Separately designated, standing Committee established in accordance with Section 3(a)(58)(A) of the Exchange Act.

Charter:

The Committee operates under a written charter adopted by the Committee and approved and ratified by the Board of Directors, which is reviewed annually by the Committee. A copy may be found on the Company’s website at www.magnetek.com in the Investor’s section and is available in print to any stockholder who requests it from the General Counsel/Corporate Secretary. A copy of the charter was also attached as Appendix A to the Proxy Statement for the 2003 Annual Meeting of Shareholders.

Members*:

Dewain Cross, Chairman

 

Thomas Boren (member until May 9, 2005)

 

Yon Jorden

 

Paul Kofmehl (member until October 2004)

 

Mitchell Quain


*       Yon Jorden was appointed to the Committee in July 2004. For the period from July 2004 until October 2004, there were five independent members of the Committee and from October 2004 until May 9, 2005, there were four independent members of the Committee. Mr. Boren voluntarily resigned his position on the Audit Committee on May 9, 2005, when he accepted his appointment as President and CEO, so that the Committee would continue to consist of only independent Directors, as required by the NYSE, Sarbanes-Oxley and the Committee Charter.

Independence:

Every member of the Audit Committee qualifies as independent under the Company’s independence guidelines and under guidelines established by the NYSE listing standards for Audit Committee membership.

Meetings:

During fiscal 2005, the Audit Committee held four regularly scheduled quarterly meetings and five telephonic meetings. Each of the Committee Members attended at least 75% of the meetings during the time that they served on the Committee.

Self-Evaluation:

The Committee performed a self-evaluation of its performance in fiscal 2005.

Experts:

The Board has determined that all of the Committee members are financially literate under the NYSE Listing Standards and that Dewain Cross and Yon Jorden qualify as Audit Committee financial experts within the meaning of the SEC regulations and each of them has accounting or related financial management expertise as required by the NYSE listing standards.

Functions:

The following are the primary responsibilities of the Audit Committee. A more complete description of the Audit Committee’s responsibilities is set forth in the Committee Charter, which can be accessed on the Company’s website.

 

·  Oversees integrity, adequacy and effectiveness of internal controls, audits, and compliance, and the financial reporting process;

 

·  Assesses and ensures the independence, qualifications and performance of the independent registered public accounting firm, selects the independent registered public accounting firm for the annual audit and approves the independent registered public accounting firm’s services and fees;

10




 

·  Meets with the independent registered public accounting firm, without management present, to consult with the firm and review and approve its annual scope of audit and to review and discuss management’s response to findings;

 

·  Meets with the internal auditor to review and approve the annual scope of audit and meets without management present to discuss management’s response to findings;

 

·  Reviews the performance of the internal audit function; and

 

·  Reviews and approves annual audited financial statements before issuance, subject to approval by the Board.

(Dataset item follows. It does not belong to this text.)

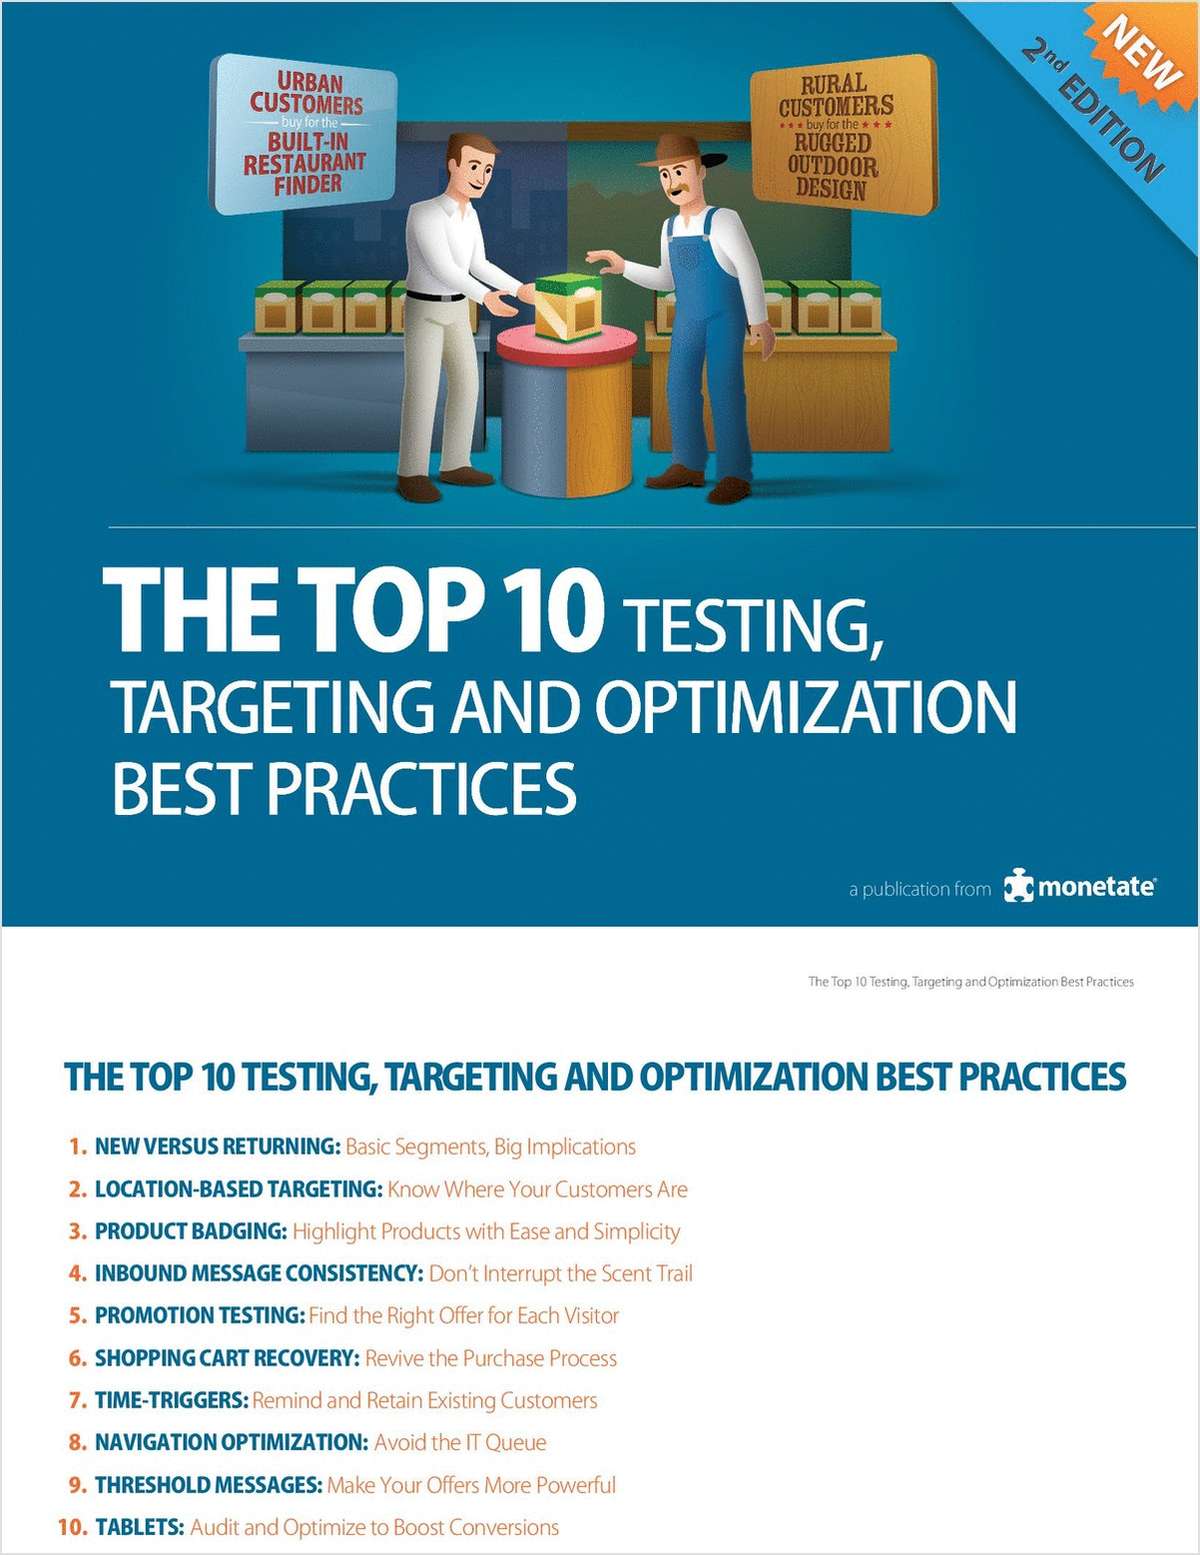 10 Best Practices For Website Testing, Targeting and Optimization
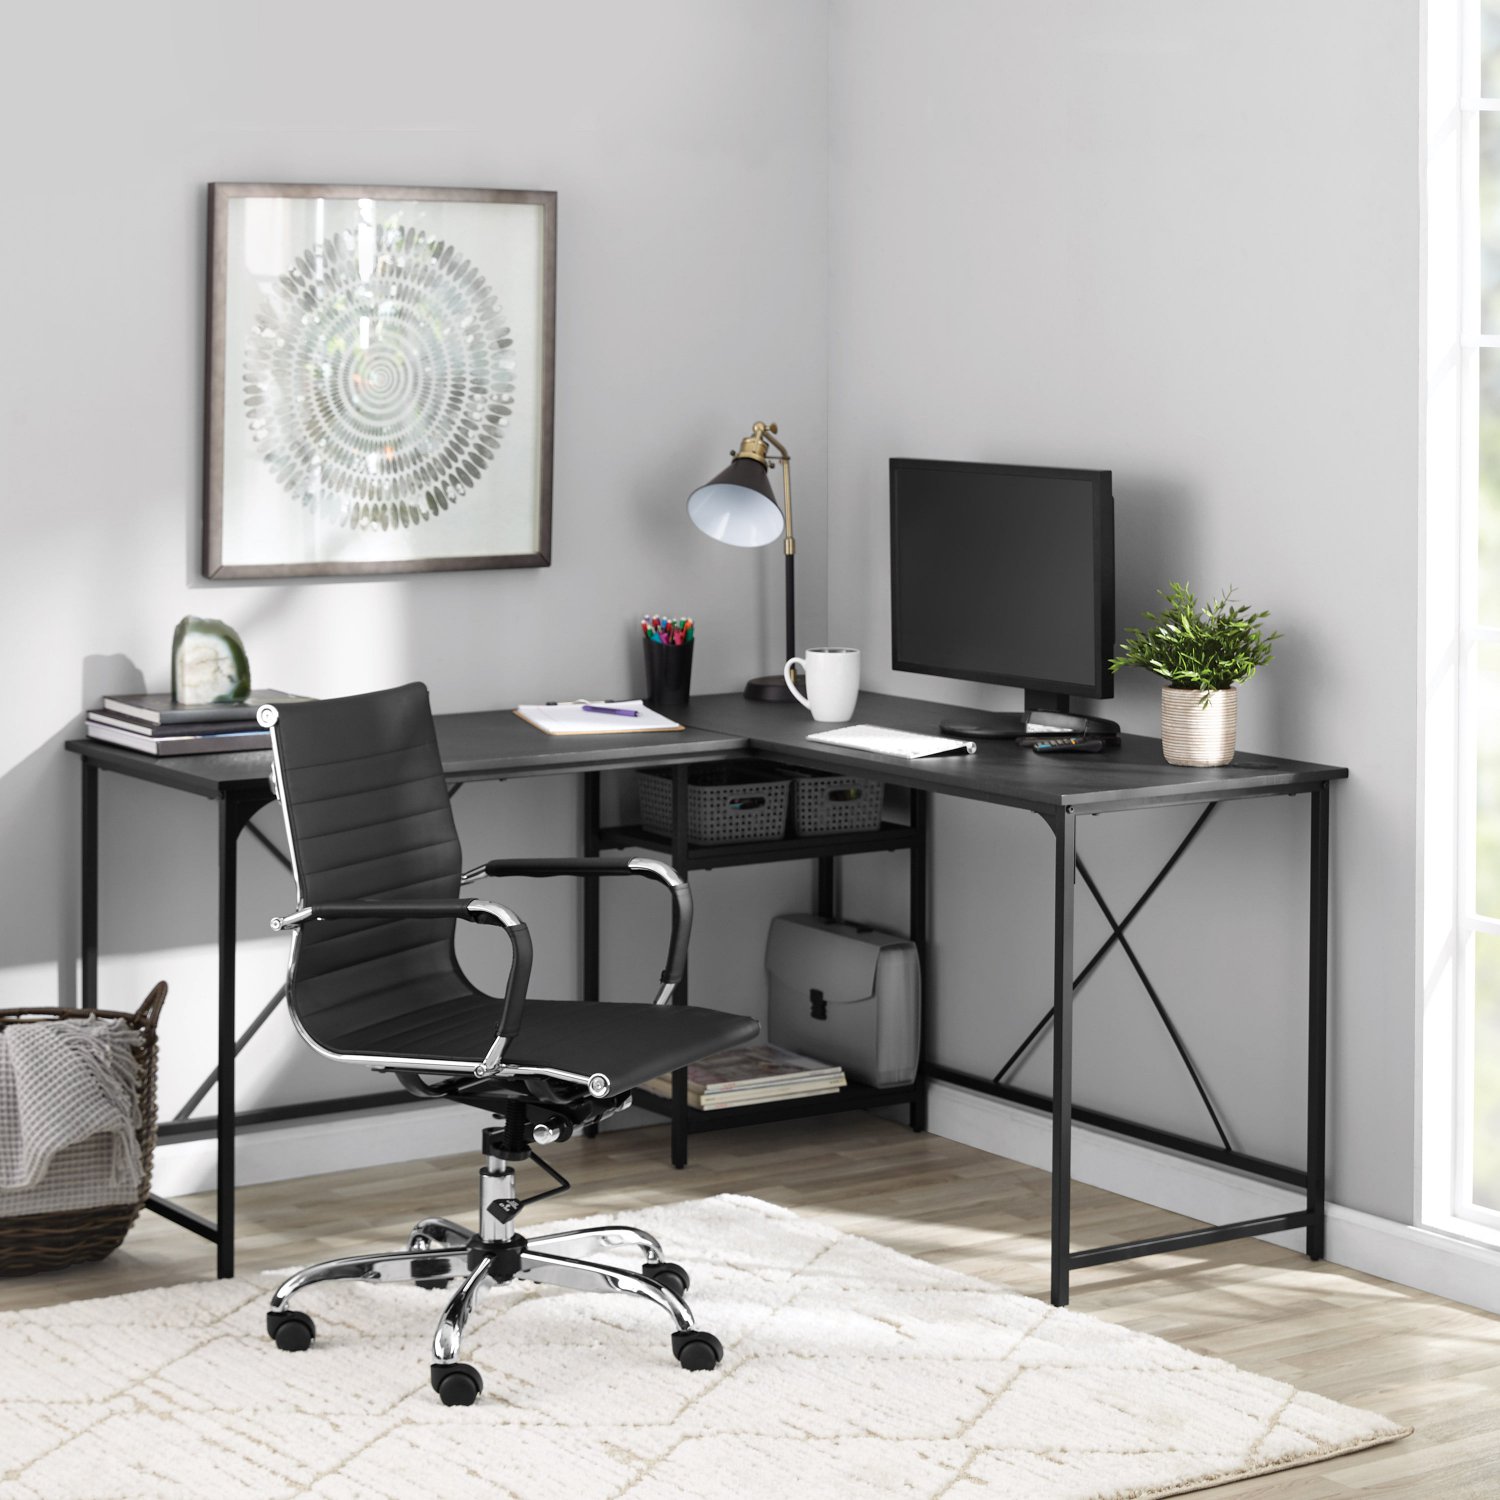 Mainstays Two-Way Convertible Desk with Lower Storage Shelf, Charcoal Finish & Metal Frame

Compensation and Pension Committee (formerly the Compensation Committee)

Structure:

Separately designated Committee. As of July 2005, the name of the Committee was changed from “Compensation Committee” to “Compensation and Pension Committee” to reflect the additional responsibility for oversight of the Company’s management of its pension funding obligation.

Charter:

The Committee operates under a written charter adopted by the Committee and approved and ratified by the Board of Directors, which is reviewed annually. A copy may be found on the Company’s website at www.magnetek.com in the Investor’s section and is available in print to any shareholder who requests it from the General Counsel/Corporate Secretary.

Members*:

Four independent Directors during fiscal 2005, five independent Directors during fiscal 2006:

 

Robert Wycoff (Chairman, fiscal 2005/Member fiscal 2006)

 

Mitchell Quain (Chairman, fiscal 2006/Member fiscal 2005)

 

Dewain Cross*

 

Yon Jorden

 

Paul Kofmehl


*       All of the above Directors served on the Committee during fiscal 2005 and will remain on the Committee for fiscal 2006, except Mr. Cross who was appointed to serve on the Committee in July 2005 for the fiscal 2006 year.

Independence:

All of the Compensation Committee members are independent, as independence for Compensation Committee members is defined in the NYSE Listing Standards.

Meetings:

During fiscal 2005, the Committee held two regularly scheduled meetings and three telephonic meetings. Each Committee member participated in at least 75% of the meetings during the time that they served on the Committee.

Self-evaluation:

The Committee performed a self-evaluation of its performance in fiscal 2005.

Functions:

The following are the primary responsibilities of the Compensation and Pension Committee. A more complete description of the Committee’s functions is set forth in the Committee Charter, which can be accessed on the Company’s website.

 

·  Review and approve corporate goals and objectives relevant to CEO compensation, evaluate the CEO’s performance, and set the CEO’s compensation. Review and approve the compensation of executives based upon the CEO’s evaluation of performance and recommendations;

11




 

·  Review, evaluate and make recommendations to the Board on the overriding compensation strategy of the Company and periodically reassess the balance between short-term pay and long-term incentives;

 

·  Adopt, administer, approve and ratify awards under incentive compensation and equity-based plans and make recommendations with respect to performance or operating goals for participants in the Company’s plans. Meet annually with the CEO to receive the CEO’s recommendations concerning performance goals and the CEO’s evaluation of the Company’s progress toward meeting those goals;

 

·  Adopt, administer, approve and ratify awards under incentive compensation and stock plans, including amendments to the awards made under any such plans, and review and monitor awards under such plans;

 

·  Review and approve, for the CEO and the senior executives and officers of the Company, employment agreements, severance arrangements and change in control agreements and any special or supplemental benefits paid to the CEO and the senior executives;

 

·  As of July 2005, the Committee has undertaken to hear regular reports from third party actuaries and management and to oversee the Company’s plan for meeting its pension funding obligation when it becomes due.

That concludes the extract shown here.